Jones, who rarely shared his feelings with anyone, squirmed in his seat. Normally, he would crack a joke to avoid a serious conversation, but he sensed that simply wouldn’t cut it. He knew he was dealing with someone in a fragile state and the wrong response would only make things worse. So he opted to talk about his past. ‘Not any more. But I used to feel that way all the time.’

‘Really? What changed?’

‘Just about everything.’

She looked at him, waiting for details. ‘Like what?’

He took a deep breath. This was going to get messy. ‘You and me, we come from completely different backgrounds — different countries, different families, different lifestyles — but we ended up in the same place because we let something beat us down. Unlike you, I had all the love and support I could get at home. My parents were great. They worked hard to make sure I had everything I needed, but they always had time for me, whether it was to help me with my homework or to smack my ass with a wooden spoon when I was bad. And let me tell you, I was a handful at times. Even worse than I am now.’
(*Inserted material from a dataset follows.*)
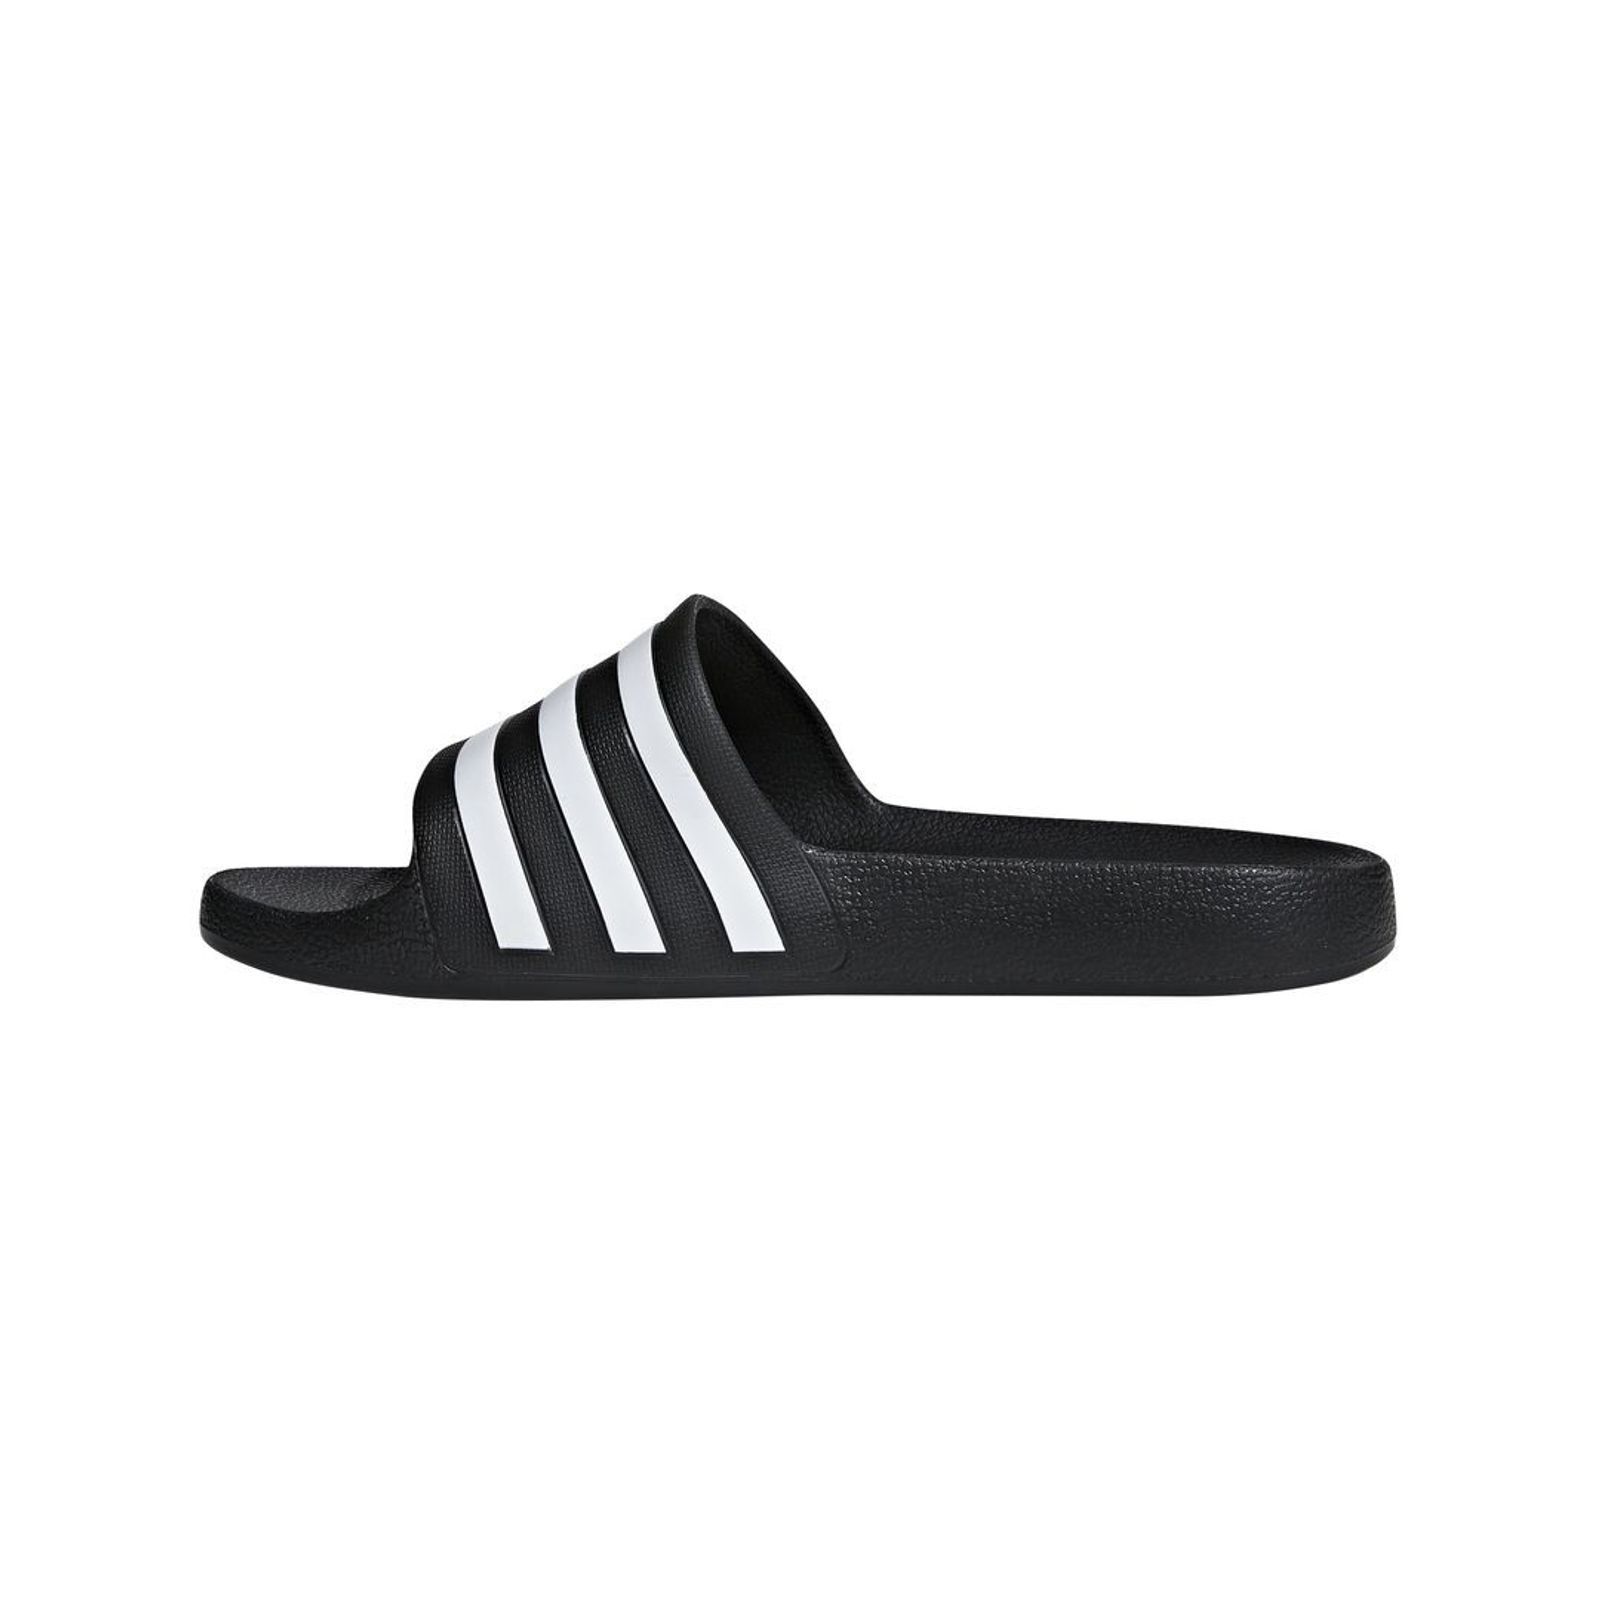 Schuh von Adidas, 13

She smiled when she pictured him as a child.

‘For me, problems were non-existent at home. They started the moment I walked out the door and tried to fit in with my classmates. In my hometown, white faces were the norm. In a town of three thousand people, there were less than fifty minorities. Not black people, mind you, minorities. It was so bad that I used to keep track of them in a notebook.’ He laughed at the memory. ‘I’ve always been a numbers guy, so I used to find solace in charts and graphs. At any one time, I could tell you exactly how many blacks, Asians, or Hispanics there were in my town and where they lived. I actually learned about Venn diagrams when the Chang family moved down the street. They were Chinese Jews, which forced me to change my entire system.’

She laughed despite her confusion. ‘Why did you track minorities?’

‘Why? Because I was looking for allies. If the shit ever hit the fan, I wanted to know where I should run to first. I figured the Jacksons were more likely to help me than Billy Bob’s parents. By the way, that’s the name of a real kid. The bastard kicked my ass. Twice.’

‘Did that happen a lot?’

‘What?’

‘Fights.’

He shrugged. ‘I was smart, skinny and black. I was a walking kick-me sign.’

‘I didn’t know that,’ she said sympathetically.

‘Really? I thought I told you I was black.’

She smiled. ‘Nope. Never came up.’

‘Well,’ he said, ‘it came up quite a bit for me. Believe it or not, the physical beatings were easier to handle than the mental ones. Most of the time it wasn’t blatant. I didn’t grow up in the deep south or the 1800s. It’s not like people called me nigger to my face — at least not very often. I’m talking about small things, the things that make a person feel bad about themselves. Snide remarks, backhanded compliments, jokes that went a little too far. My teenage years were pretty rough. I felt like I was alone in the world, and no matter what I did or how hard I tried, I would always be looked down upon by society. I was a person without self-esteem.’

She nodded in understanding. She felt the same way after years of abuse from her father. Not physical abuse, but mental. Whether it was his comments about her intelligence, his insults about her looks or weight, or his general disregard for women, she learned to hate herself at an early age. Her mother tried to comfort her and tell her everything would be all right, but when she died there was no one left to protect Maria. By then, she’d already been shipped off to boarding school, where she fought long and hard to turn her life around.

Eventually, she learned to use the hatred she had felt for her father as fuel for revenge. She scratched and clawed and beat all the odds to become a rising star in the field of archaeology. Unfortunately, what should have been her crowning achievement — the discovery of the Catacombs of Orvieto and all of the secrets hidden within — was marred by the death of her father. Instead of having the chance to rub it in his face, she found herself linked to the crimes he had committed before his murder. Crimes against the Vatican itself.